**SUPPLIED MATERIAL:**
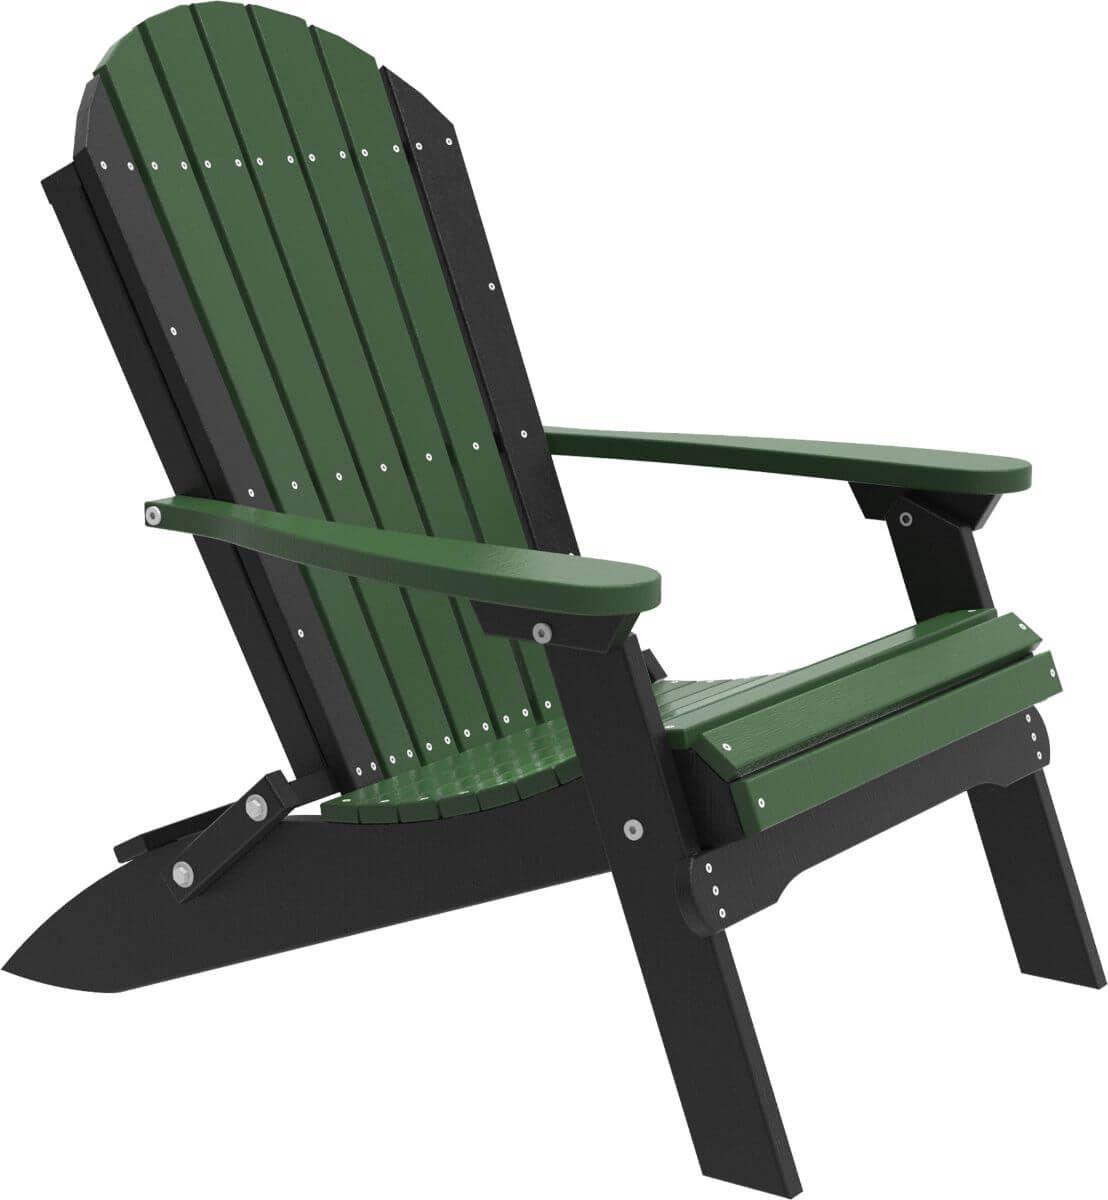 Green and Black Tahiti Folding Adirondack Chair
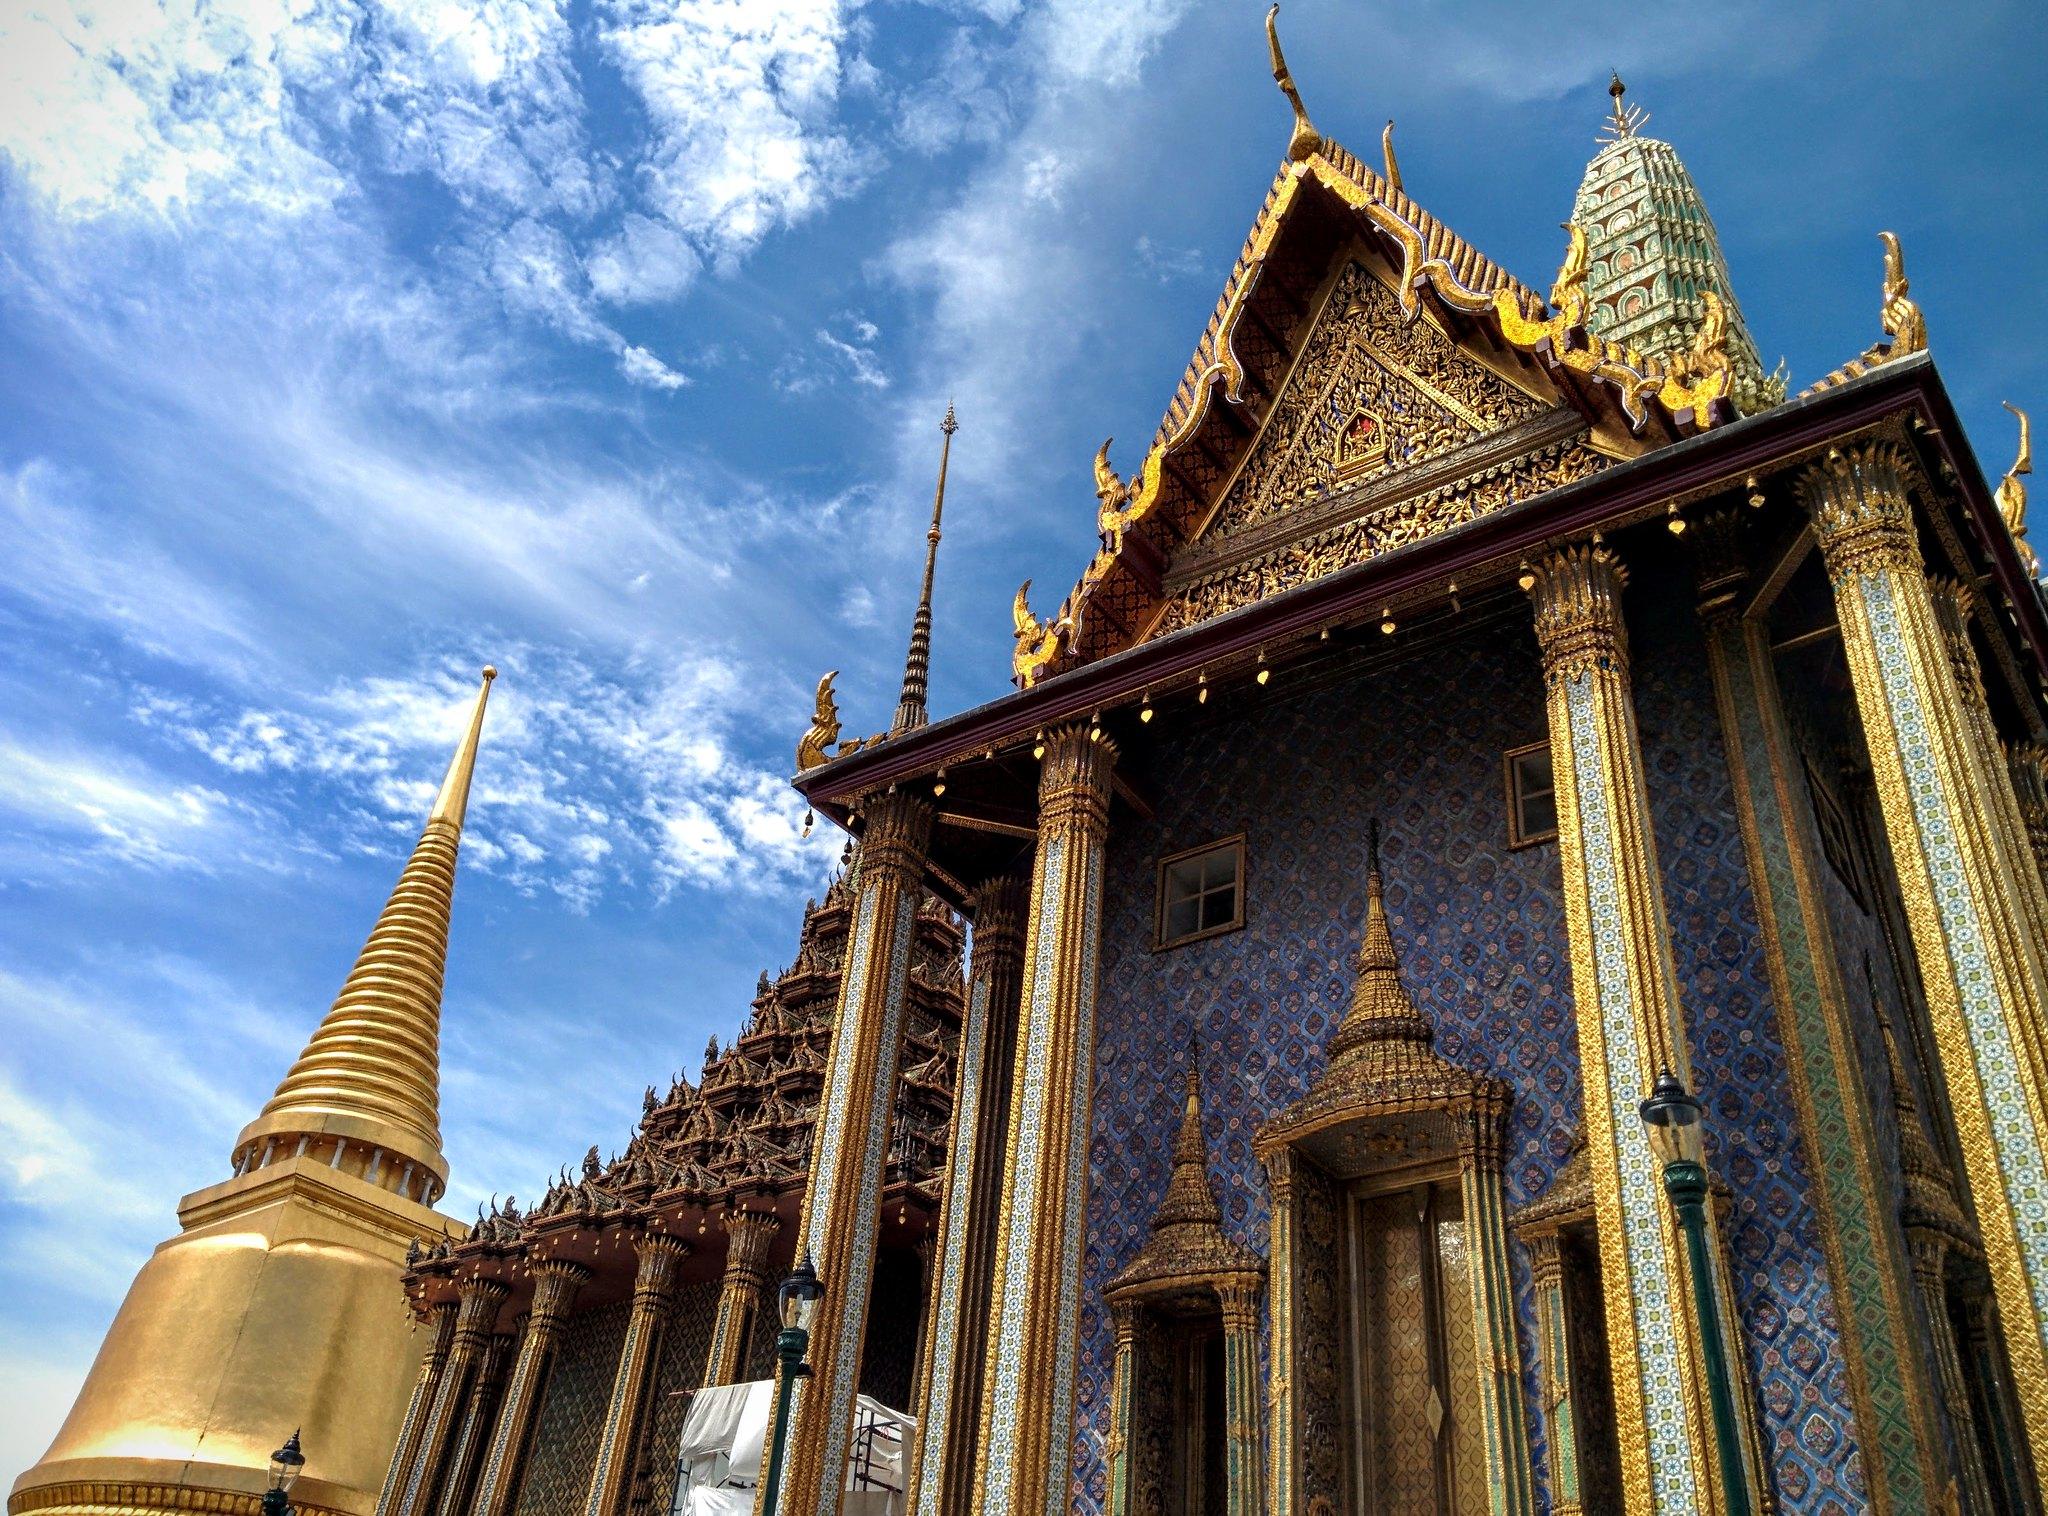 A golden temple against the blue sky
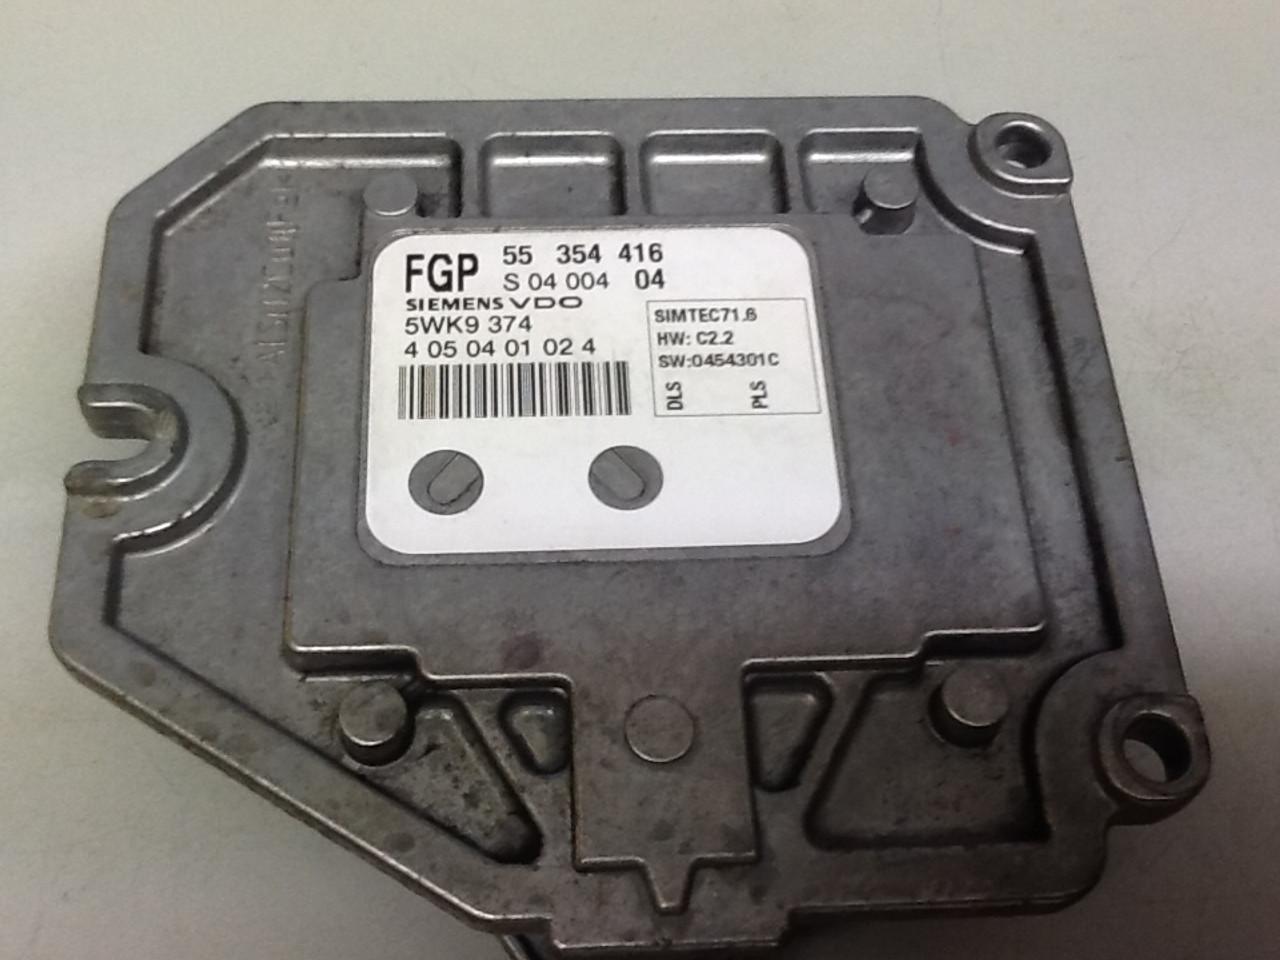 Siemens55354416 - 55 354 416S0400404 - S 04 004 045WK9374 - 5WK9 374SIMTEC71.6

**WHAT YOU HAVE TO DO:** Find the line with "A golden temple against the blue sky" in the listing and extract it and all lines after it through the end, exactly, without the pictures.

**TASK RESULT:**
 A golden temple against the blue sky
 Siemens55354416 - 55 354 416S0400404 - S 04 004 045WK9374 - 5WK9 374SIMTEC71.6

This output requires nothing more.